■ **Description of the task**:
Print the listing below a second time, exactly, and omit its images.

■ **Data excerpt**:
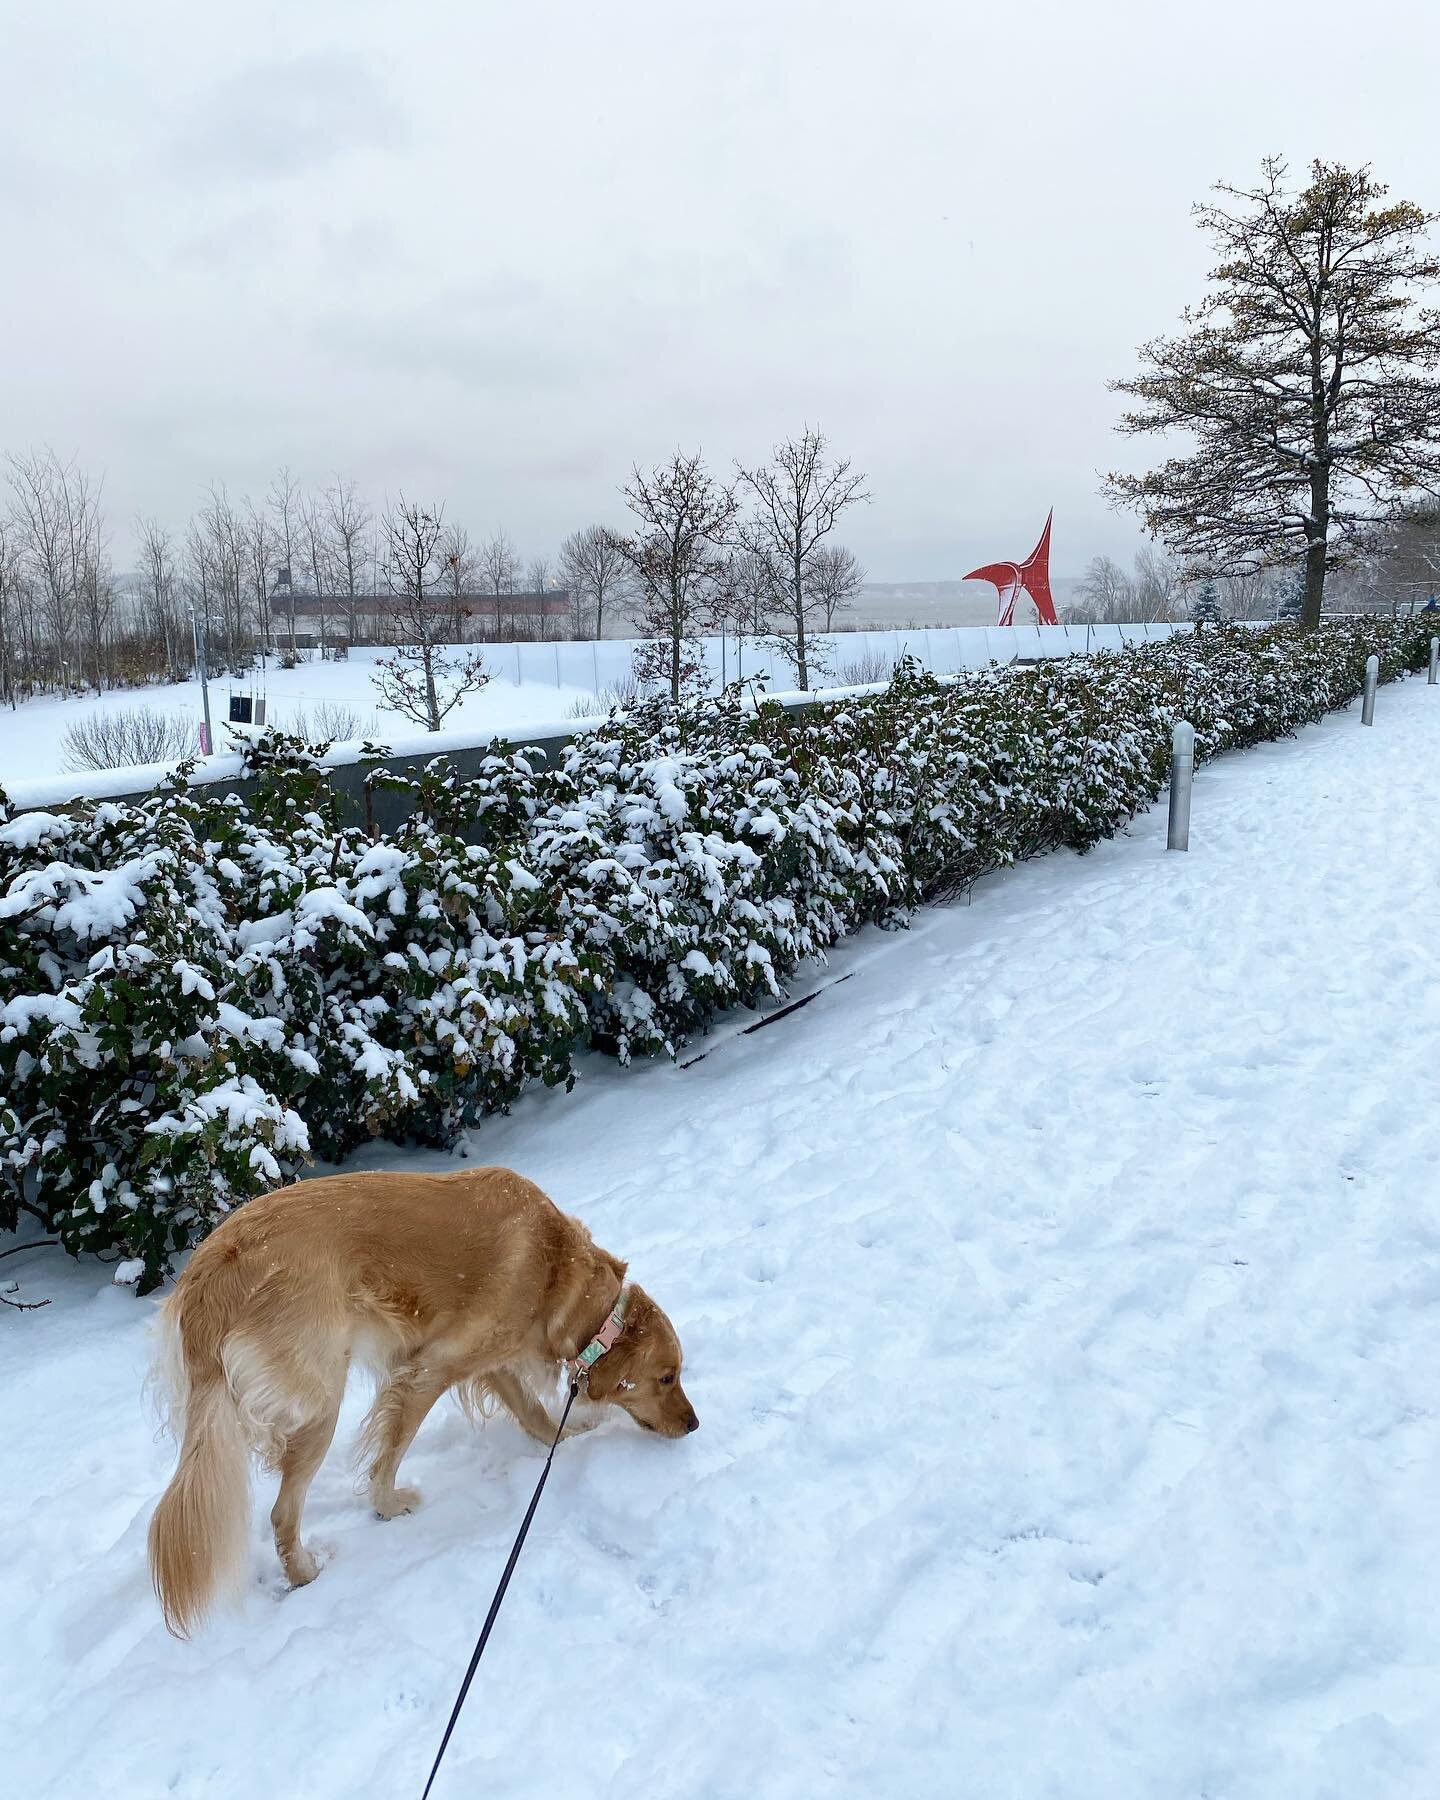 Winnie&rsquo;s first snow 

&bull;
&bull;

#dog #dogsofinstagram #seattle #downtownseattle #olympicsculpturepark #snow #snowstorms #2021

■ **Answer area**:
 Winnie&rsquo;s first snow 

&bull;
&bull;

#dog #dogsofinstagram #seattle #downtownseattle #olympicsculpturepark #snow #snowstorms #2021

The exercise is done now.